It was a puzzle to her. She could understand the church’s traditional ban against buttons on women’s clothing. Plain dress was part of their identity—and buttons, she supposed, could conceivably be considered fancy. She could even tolerate the restriction against zippers—which mainly affected the men who had to wear britches with buttoned flaps. But for the life of her, she could
not
understand their church’s prejudice against the convenience of safety pins.
She caught sight of Anna’s vulnerable bare feet tucked beneath her chair and winced at the thought of how many straight pins her sweetest aunt must have stepped on in her lifetime. She longed to protect her from pain of any kind. Anna’s struggle with Down syndrome was difficult enough.
“The three of you need a break,” Rachel pleaded. “You should enjoy the years you have left instead of half killing yourselves by waiting on guests.”
“How?” Bertha gathered the long skirt of her brown dress to one side and eased her recently broken leg into a more comfortable position atop a footstool. An active seventy-eight, Bertha had been robust until taking a tumble down the stairs one week earlier.
“How what?”
“How
should we ‘enjoy’ ourselves?” Bertha stuffed an errant strand of gray hair beneath her white prayer
kapp.
“How should we spend all this
frei
time you say we need?”
“However you want. Travel. Quilt…”
“I have already traveled everywhere I wish to go,” Bertha said. “And I do not enjoy quilting. Quilting is what Lydia does.”
“Maybe you could get caught up on your reading.” Rachel had made up her mind not to budge on this issue. As painful as this discussion was for all of them, they had to face the facts.
“After I have read and Lydia has quilted”—Bertha snagged an apple slice from Lydia’s bowl and took a bite—"what then? Are you going to put in electricity and make us watch television all day long like your
Englisch
friends?”
“I quilt
goot,”
Anna piped up.
Anna, at fifty-seven, was pushing the odds of longevity for someone with Down syndrome. She was, in fact, one of the main reasons Rachel wanted her aunts to close the inn. With Anna’s insistence on being part of every activity, she worked too hard for someone who, like so many with Down syndrome, struggled with a weak heart.

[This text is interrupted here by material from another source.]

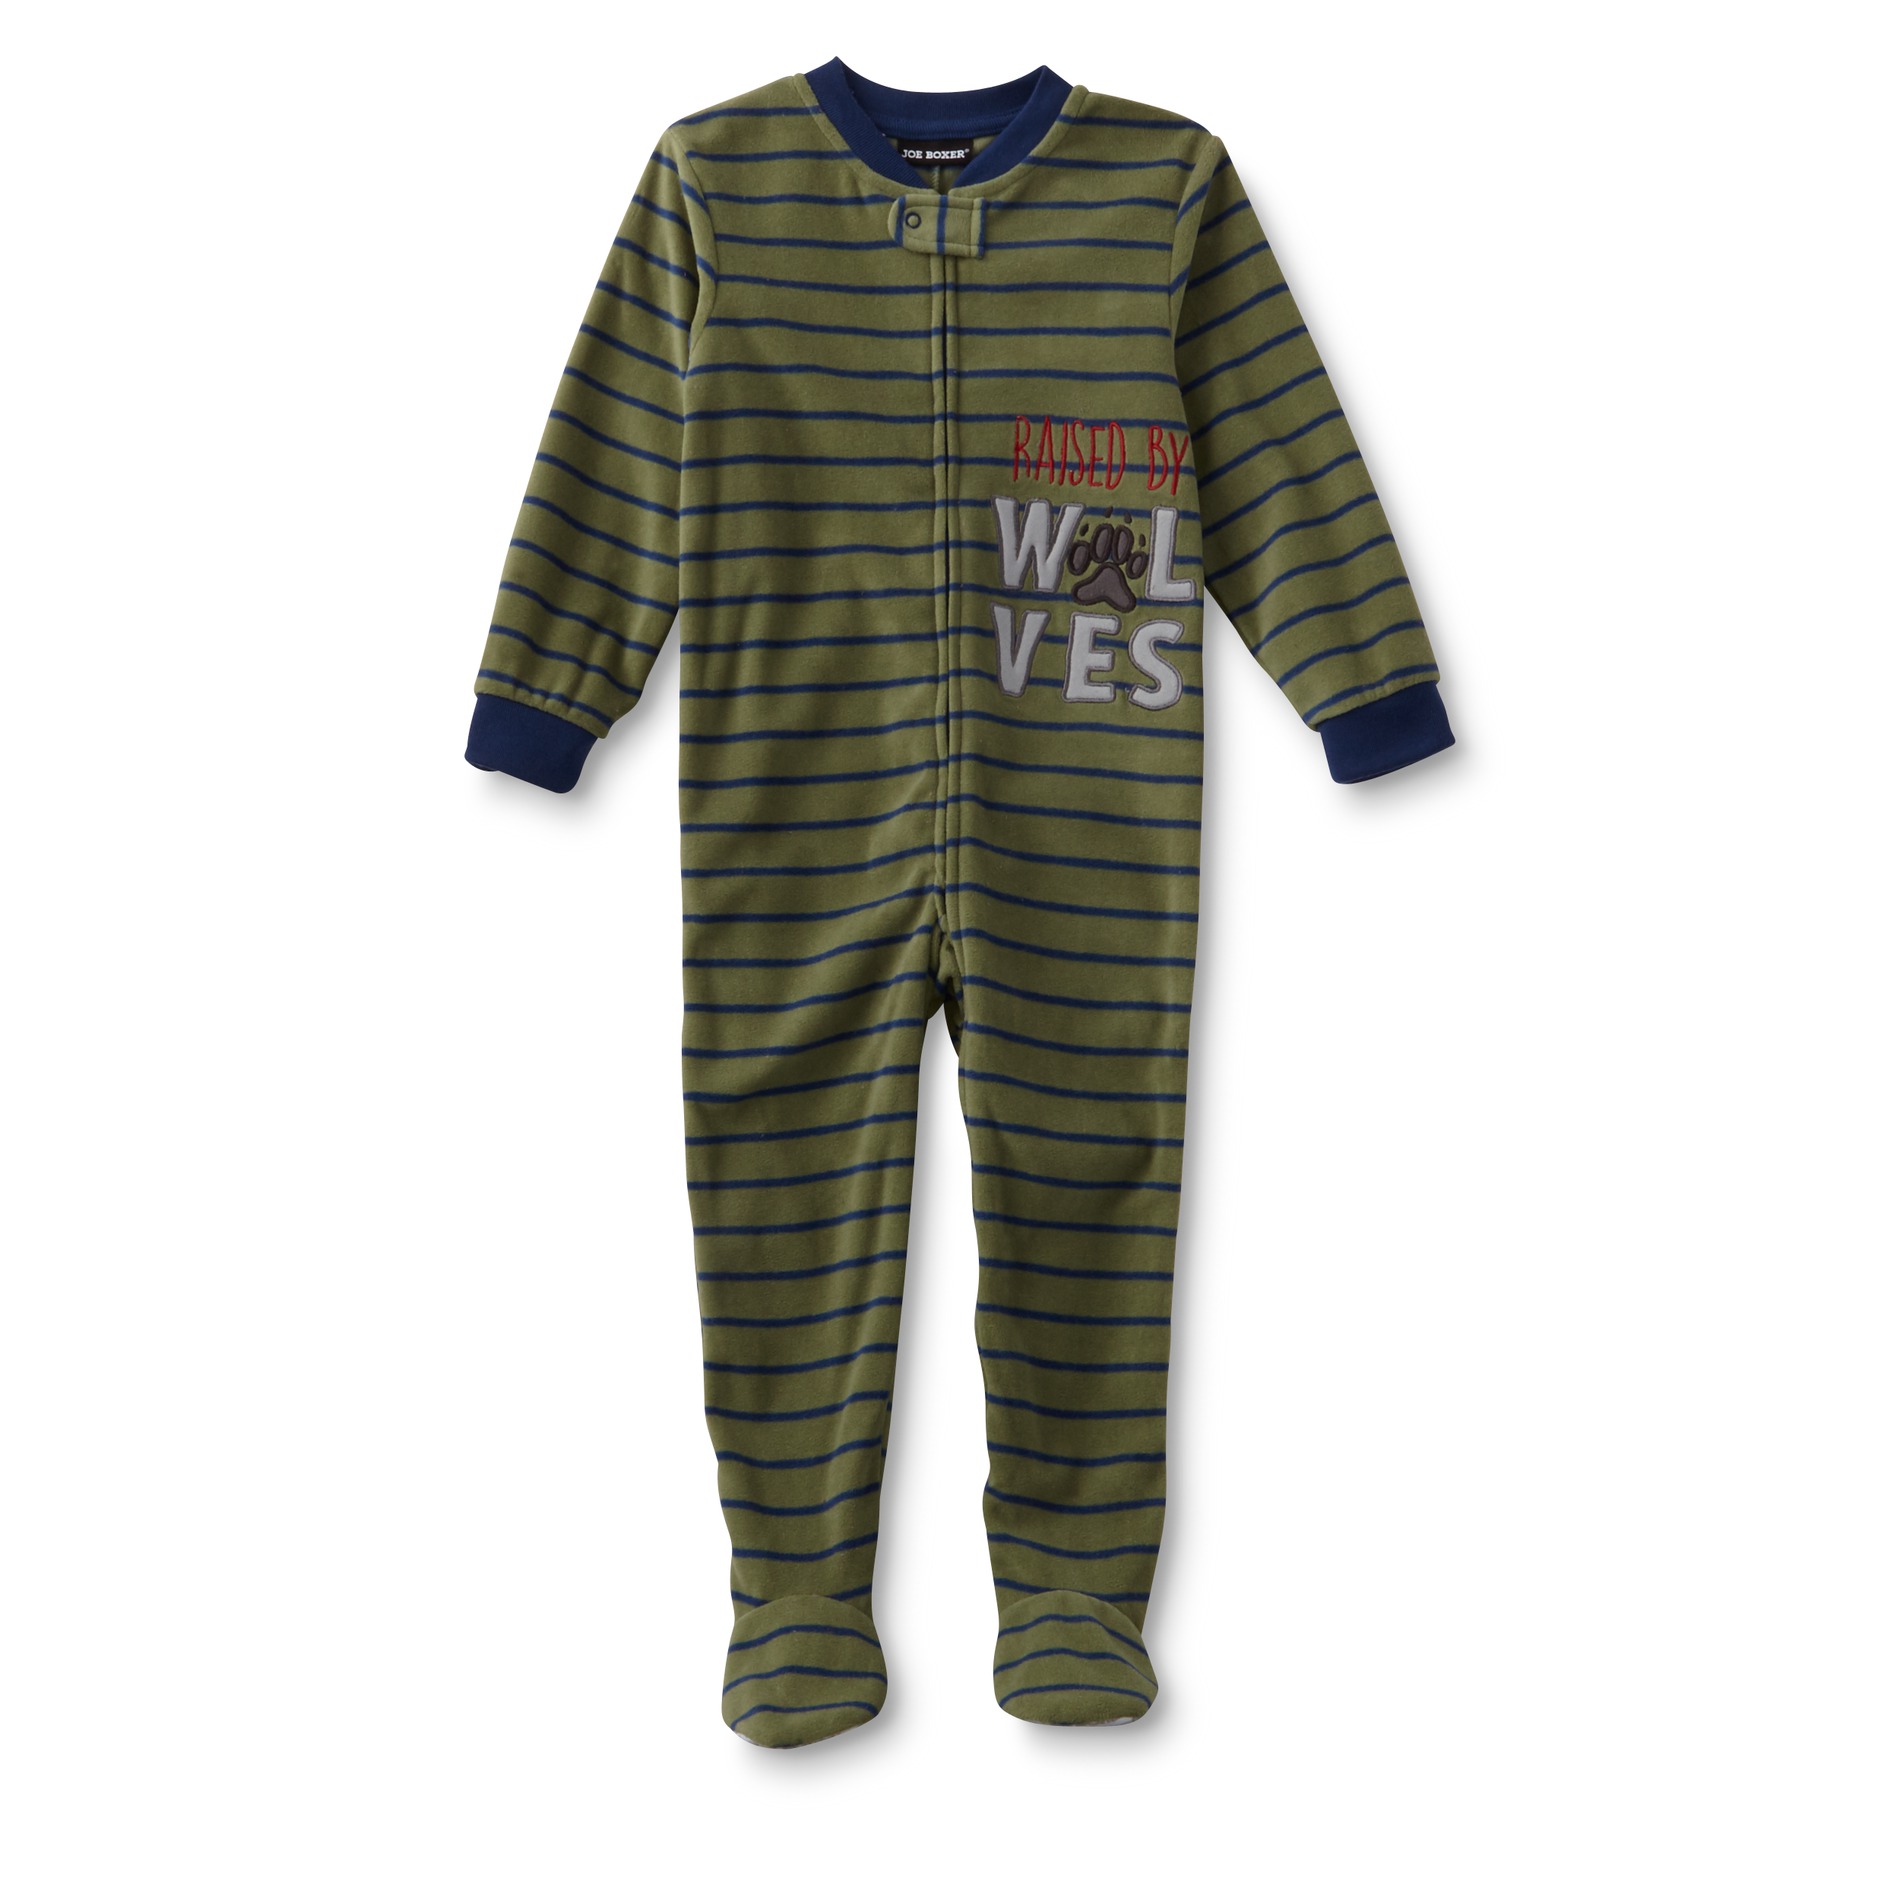 Joe Boxer Infant & Toddler Boy's Sleeper Pajamas - Striped

Rachel could not bear the thought of living without Anna’s unquestioning love or Lydia’s gentleness or Bertha’s strength of character. She wanted her aunts to live forever. They were all she had.
“You do quilt goot.” Lydia patted her younger sister’s hand, and Rachel’s heart ached with love for these good women. She knew for a fact that Lydia frequently stayed up after midnight removing Anna’s lengthy and disorderly quilting stitches—and then redoing them by lantern light. This was a closely kept family secret they all conspired to keep from Anna forever.

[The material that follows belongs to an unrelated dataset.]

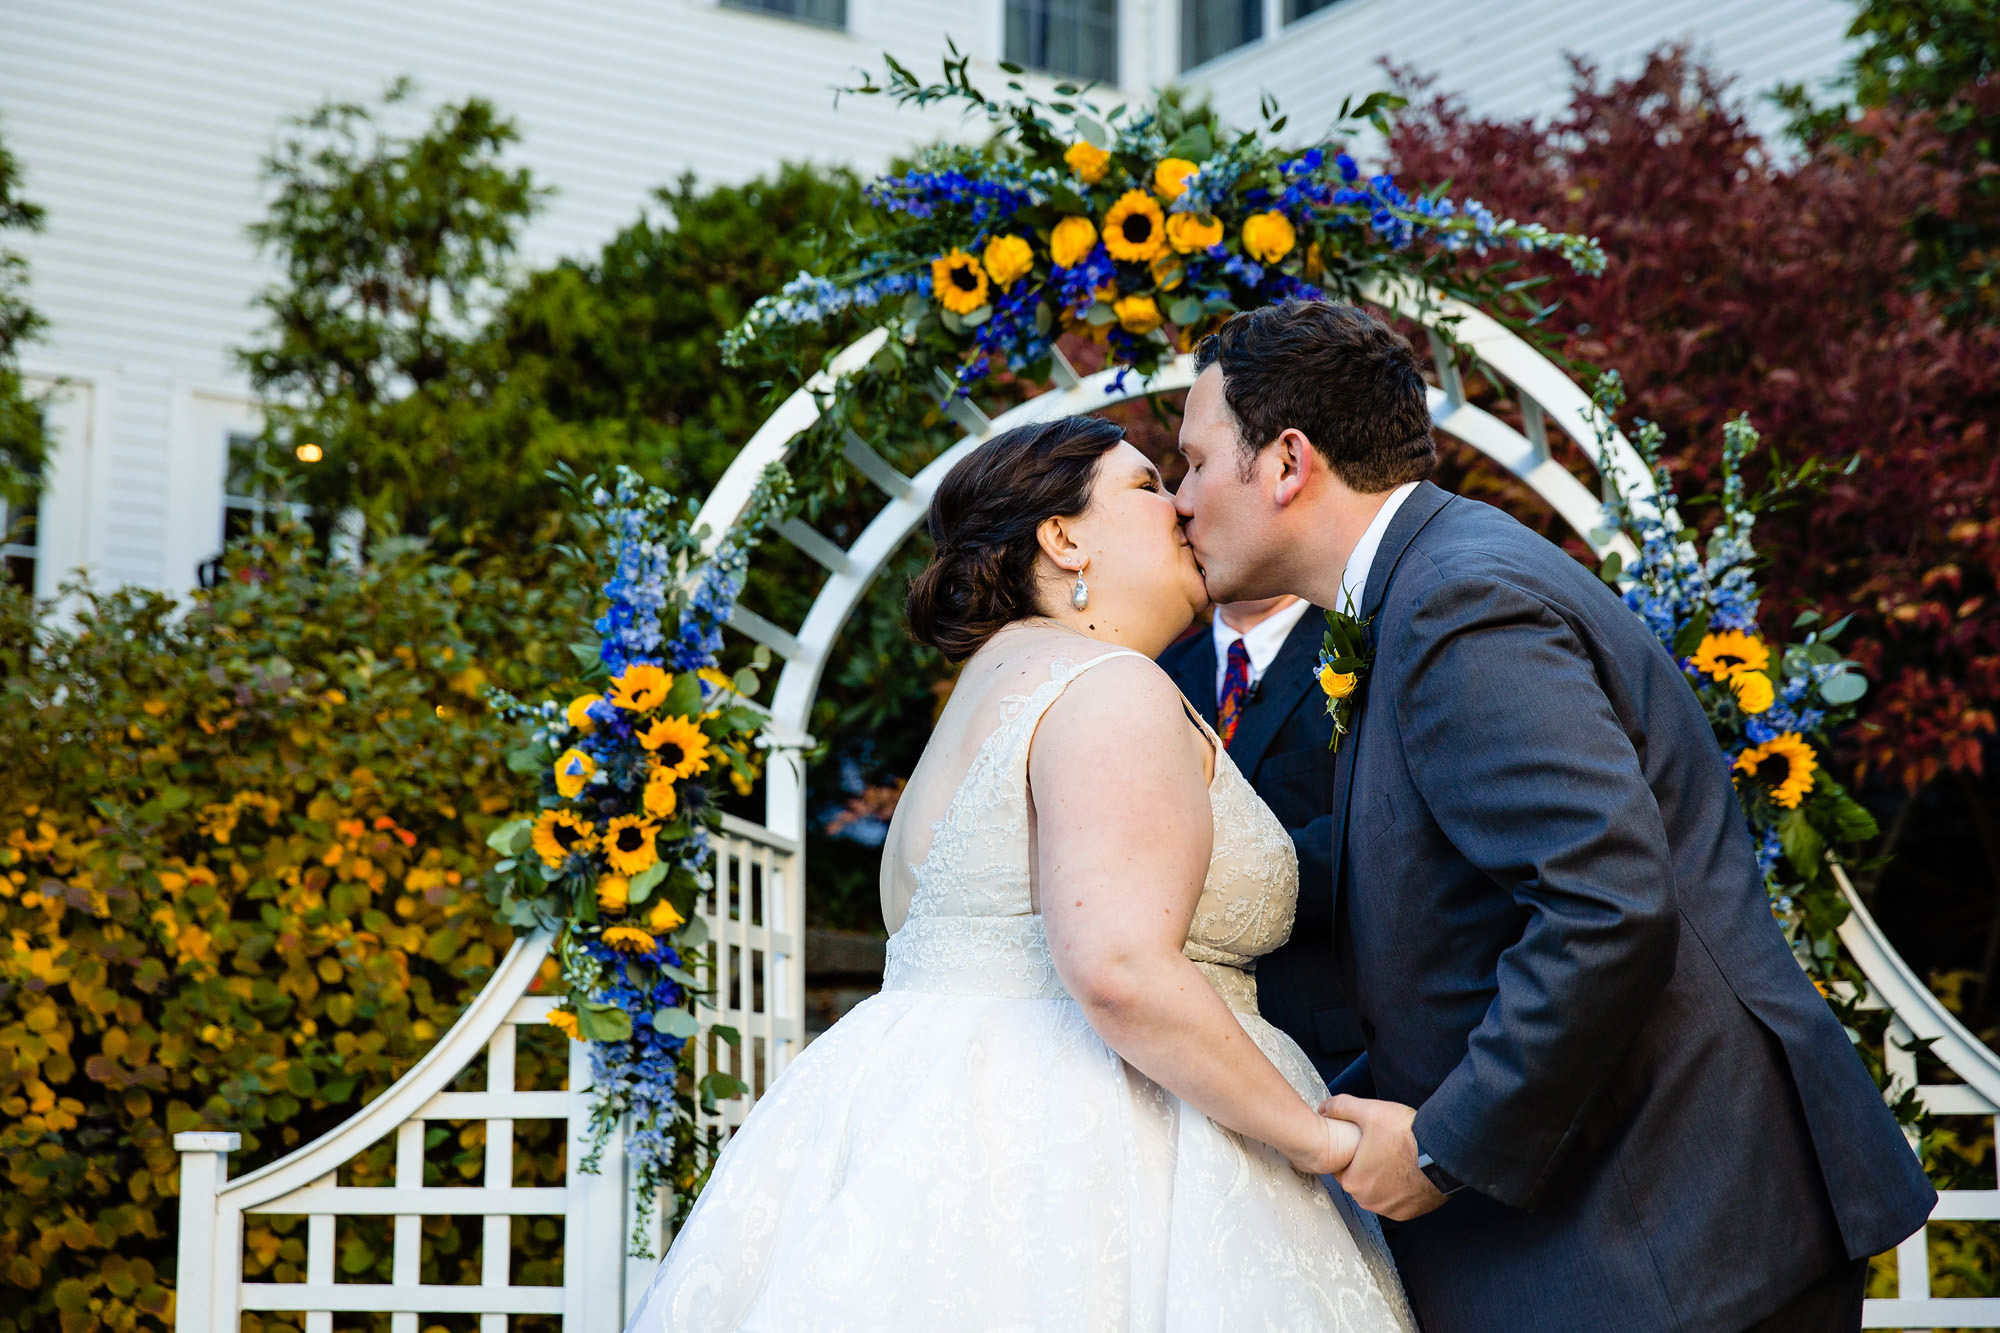 A beautiful wedding ceremony in Freeport Maine

“And you want us to live on Victoria’s money.” Bertha spat out the words as though they tasted of poison.
For the first time, Rachel realized that she had underestimated the pain Bertha had endured because of her younger brother’s marriage to a local Englisch girl. In her aunts’ eyes, it had been this marriage that pulled their only brother into a job that had taken his life—a profession Rachel now shared.
“Yes,” Rachel said flatly. “I do. Now that I’ve turned thirty, the trust fund my mother left me is accessible, and this is what I want to do with it. I have looked forward to helping you for a long, long time. There is no reason the three of you need to keep working so hard.”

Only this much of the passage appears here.